I am working on an offline C# application that can find bus routes. I can extract the timetable/bus/route data. I am searching for the most simple solution that will work with
Just wanted to share my final approach on this problem. This was part of a university project, so it might not be fully suitable for real world use. It had to be reasonably fast to run on a Windows Mobile device.
I ended up using 4 tables (SQLite). One table keeps the list of buses, the second one keeps a list of stations. Another table keeps the combinations - what bus does stop at a specific station and where does it go from this station and how long (minutes) does it take. All combinations have to be stored. And the last table is a simple time-table. For every station it lists every bus that stops there and the time (I stored the time as integer value - 14:34 is 1434, to make it faster for comparing).
I used a bi-directional breadth first search algorithm. The neighbor stations (directly accessible) are retrieved for the start station and destination station. There is a path from station A to station X if these two "graphs" overlap on a station. For example, from station A you can get to stations B,C,D,E (by using specific buses). And from the destination station X you can get directly to N,C,Z. These two graphs overlap on station C. So a path A -> C -> X exists. If no paths are found in this first iteration, then the algorithm continues and spreads out the graphs (BFS) again.

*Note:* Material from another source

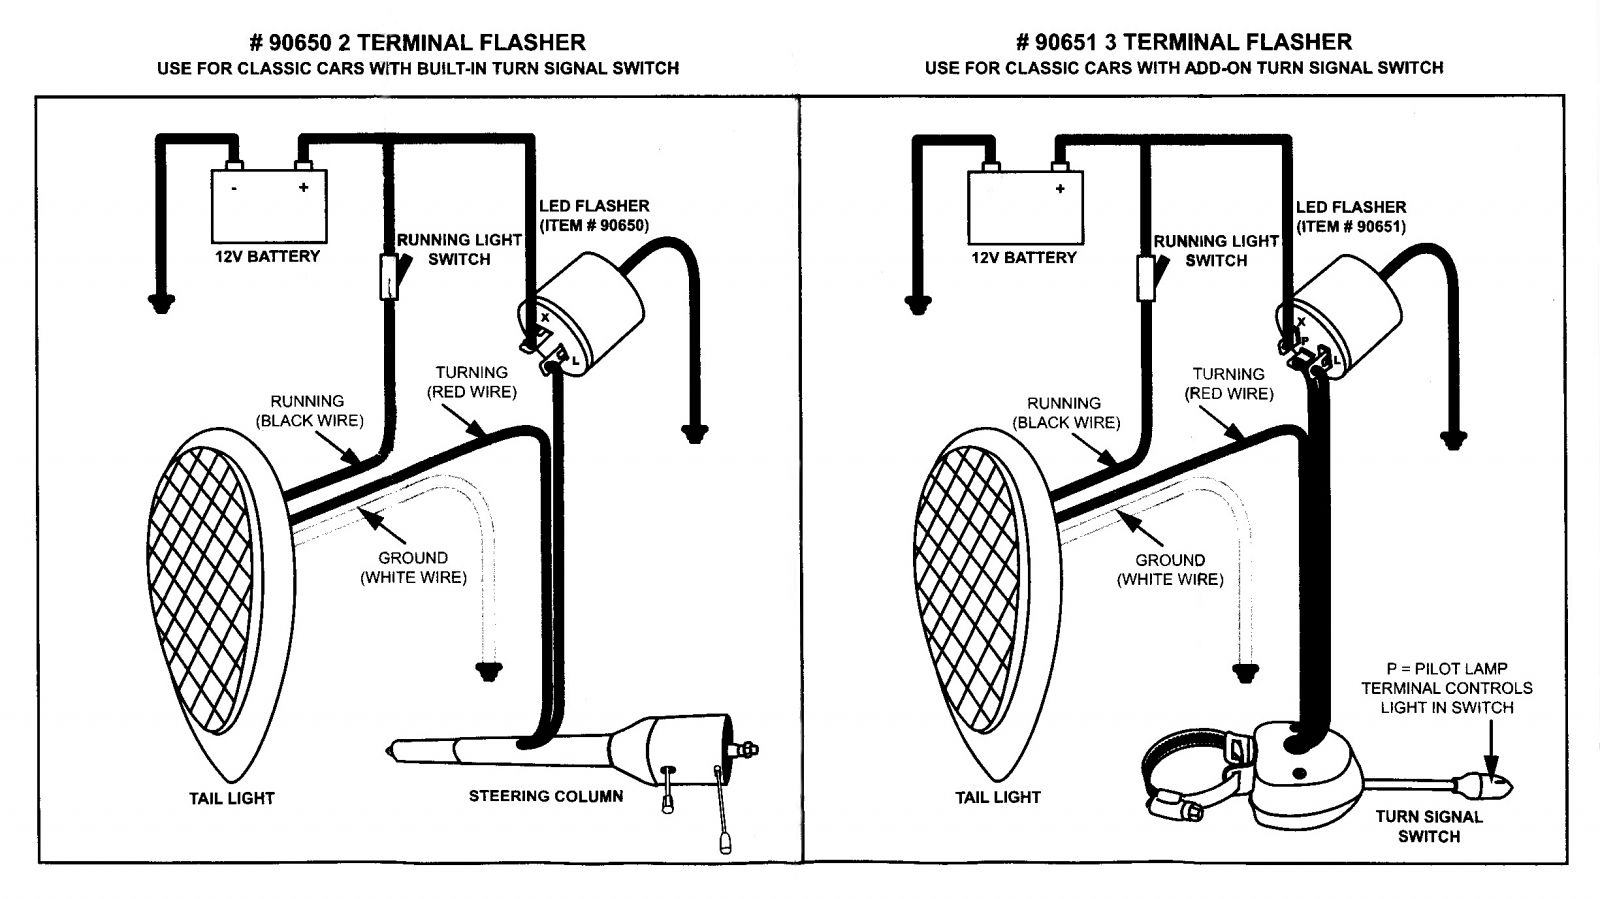 led tailights hotrod hotline led panel diagram
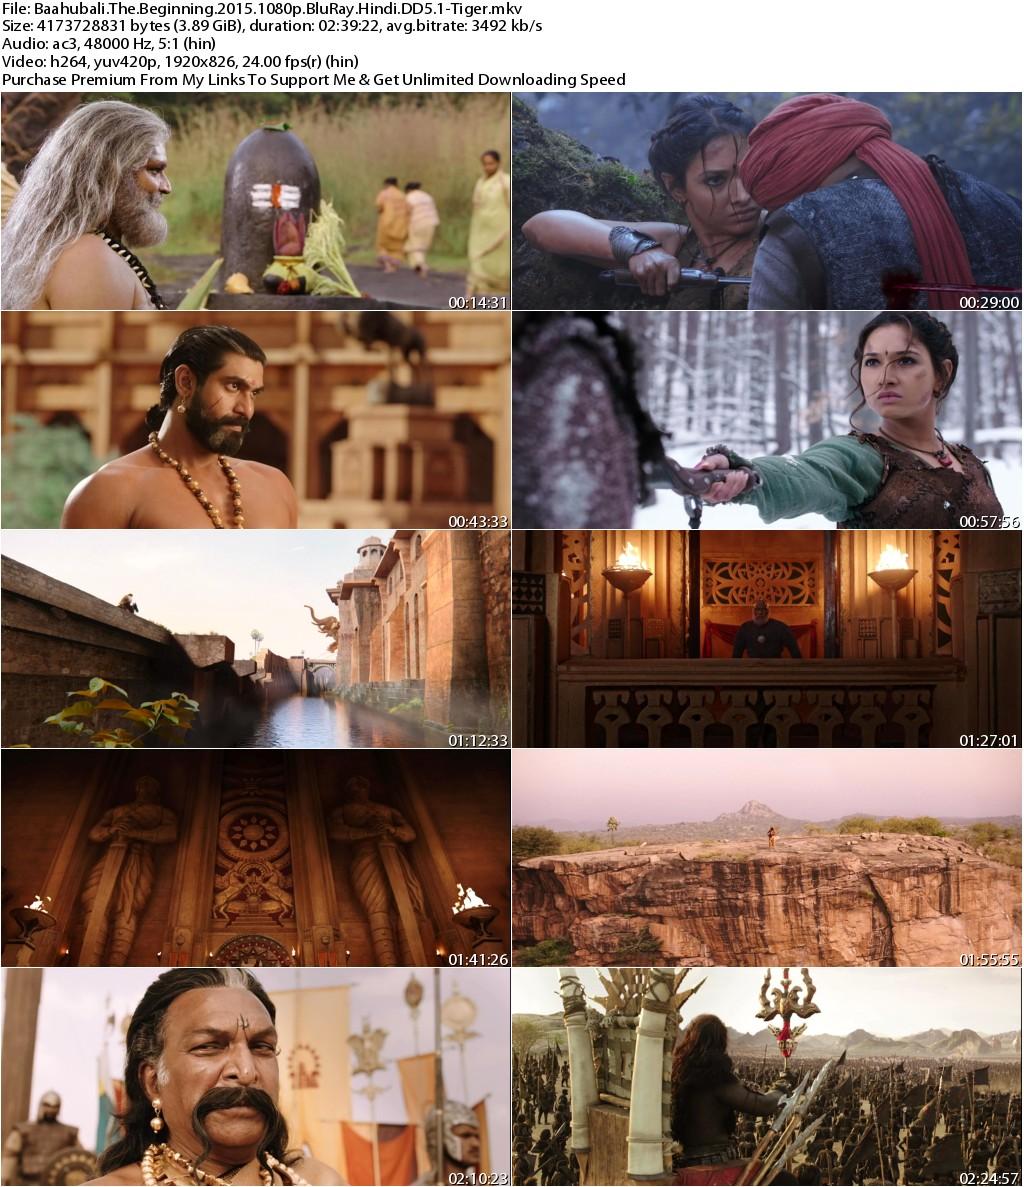 Baahubali The Beginning (2015) 1080p BluRay Hindi DD5.1-Tiger

Time is not taken into account in the first step - this makes it fast enough. You only get a list of possible paths with a list of buses that you have to use to take these paths. The times are evaluated in the last step, you go through the list of possible paths and check if the bus travels within the specific time (increasing the time every stop).
On a small city, with 250 stations and 100+ buses/railways, these approach works up to 3 changes (where you have to change the buses on the journey). It takes only seconds to calculate. But I had to load the whole database into memory (Dictionary) to speed up the queries, which were taking too long.
I don't think this would work for a large network though. But it works for a public transport of a single small-medium size city.